[Data section]
######
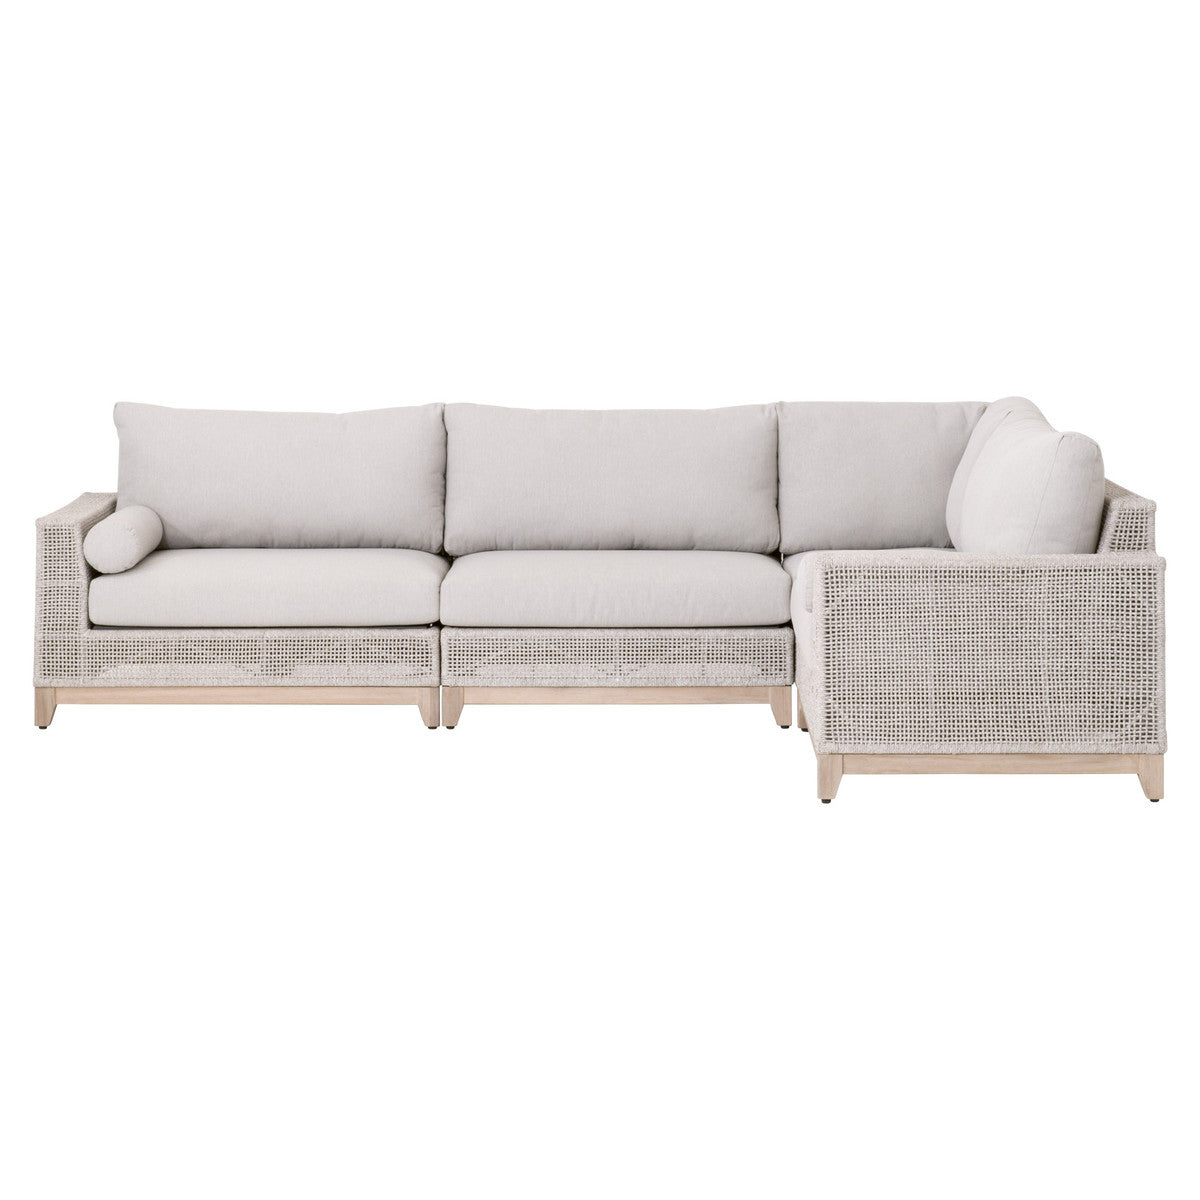 Tropez Outdoor Modular Left Facing 1-Arm Sofa in Taupe & White Flat Rope, Performance Pumice, Gray Teak - 6843-2S1L.WTA/PUM/GT
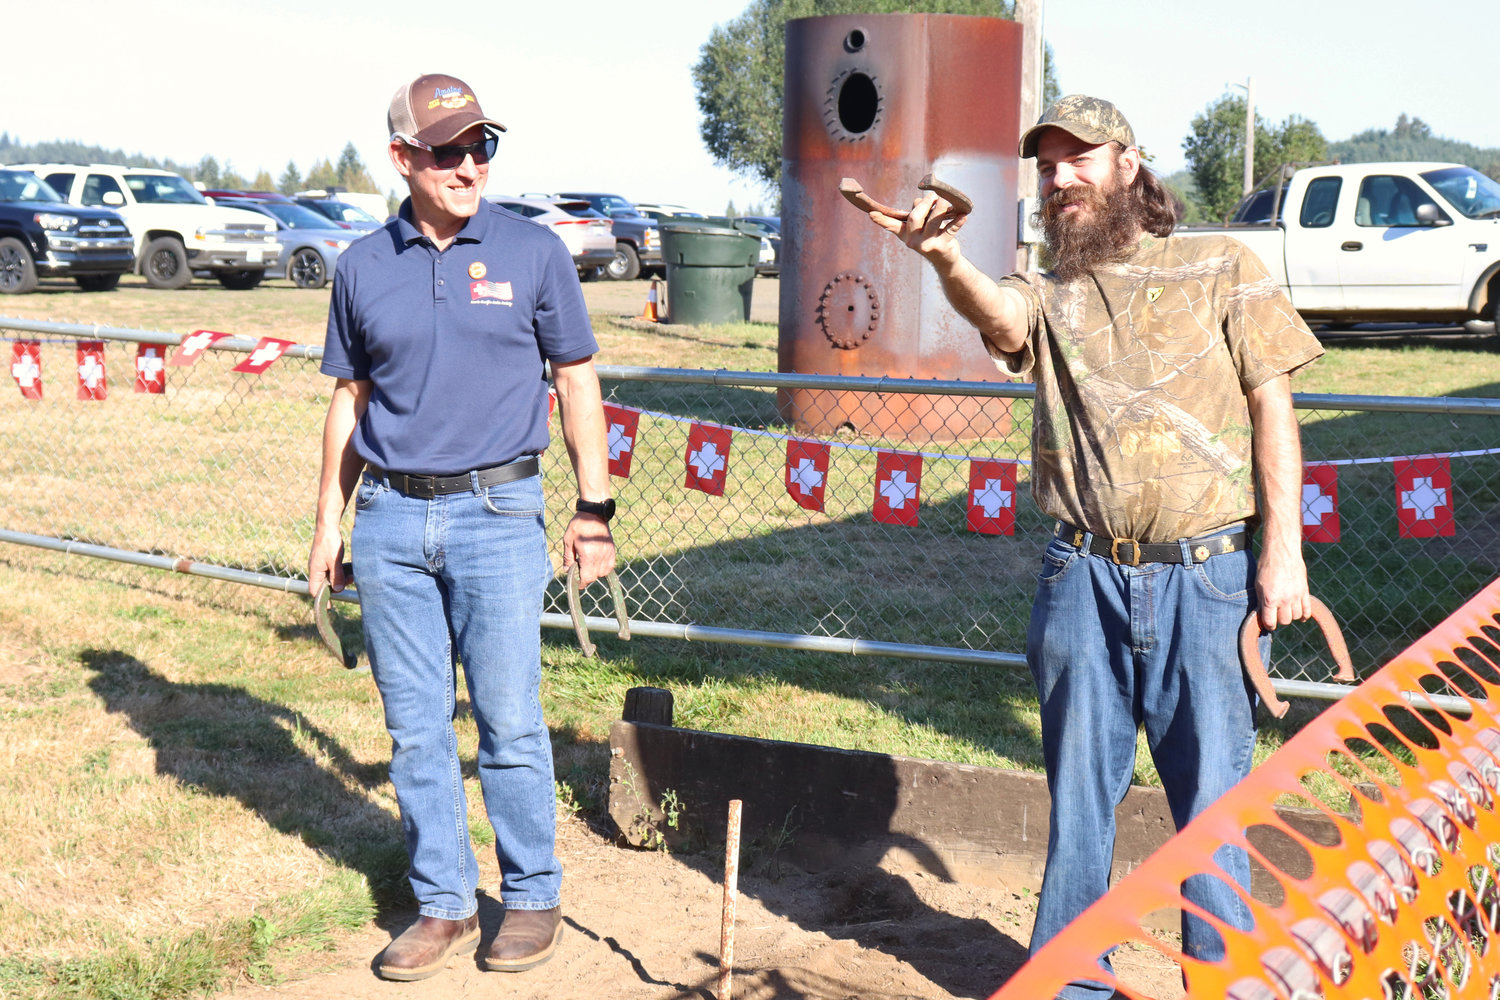 Alex Muller and Adrian Cook compete in a game of horseshoes during the Lewis-Pacific Swiss Society Oktoberfest in Frances on Saturday.
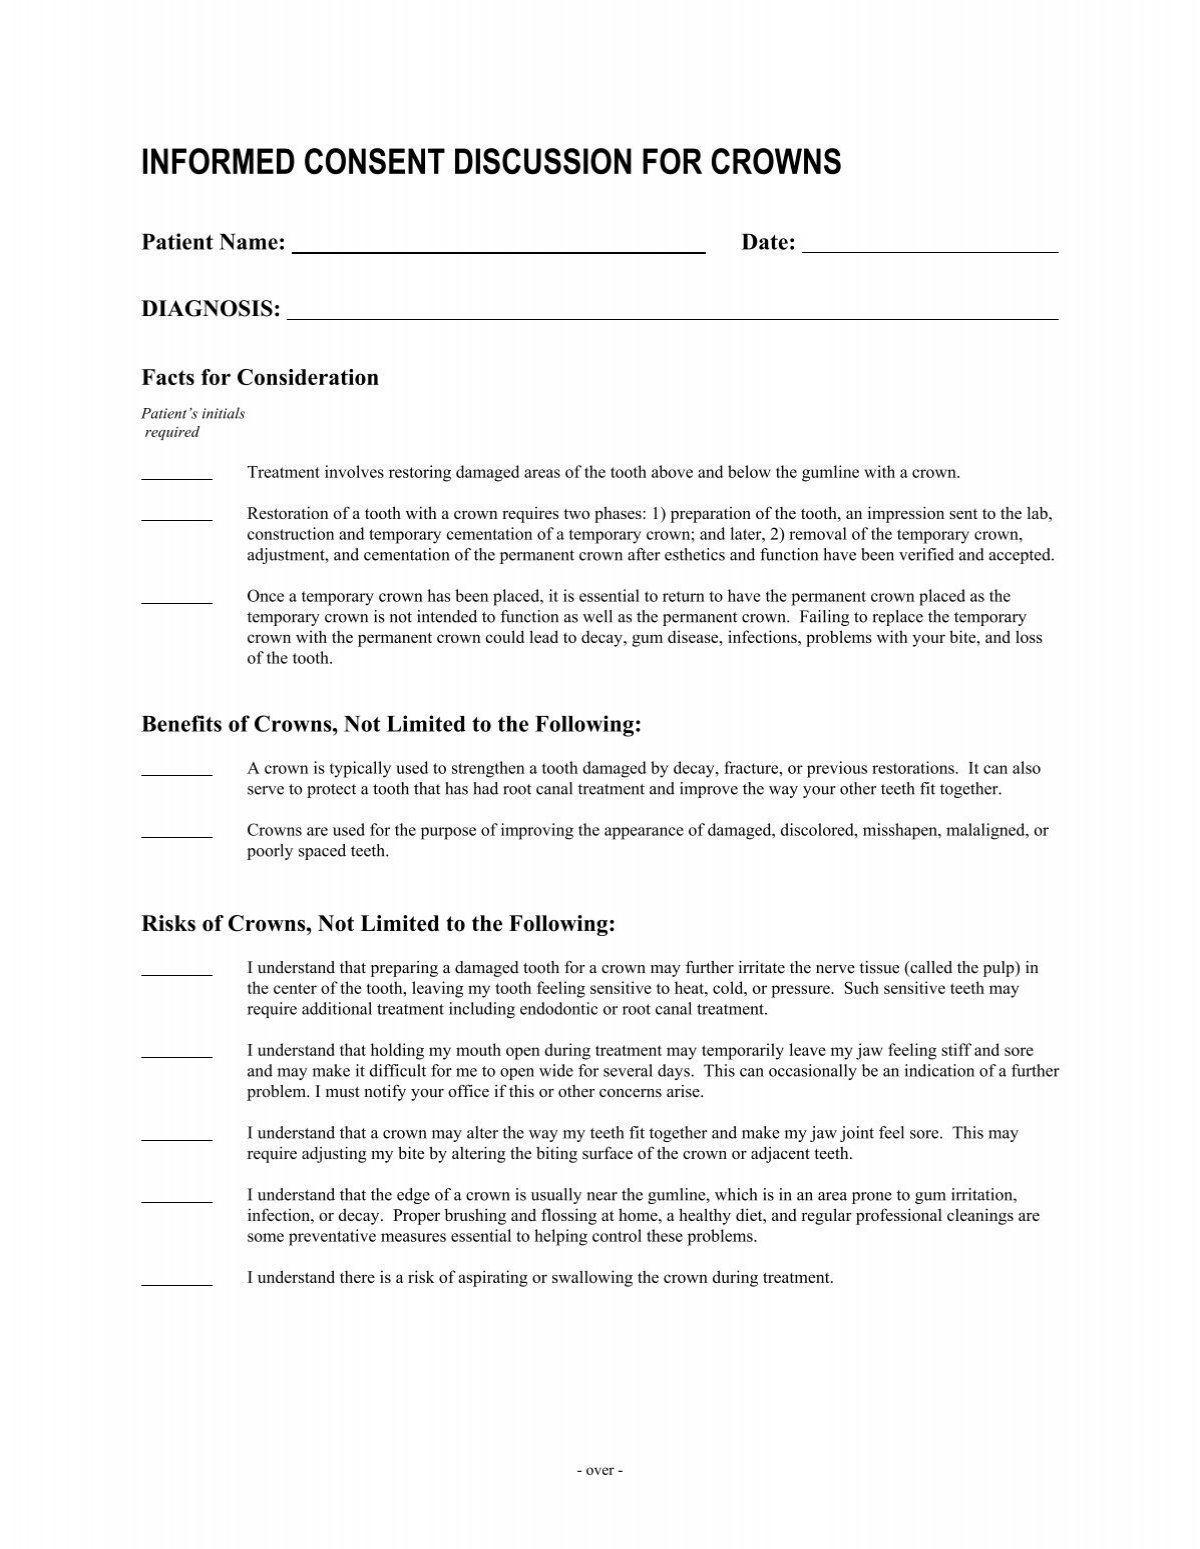 Implant Crown Consent Form
######
Reprint the whole listing verbatim except for the pictures.

 Tropez Outdoor Modular Left Facing 1-Arm Sofa in Taupe & White Flat Rope, Performance Pumice, Gray Teak - 6843-2S1L.WTA/PUM/GT
 Alex Muller and Adrian Cook compete in a game of horseshoes during the Lewis-Pacific Swiss Society Oktoberfest in Frances on Saturday.
 Implant Crown Consent Form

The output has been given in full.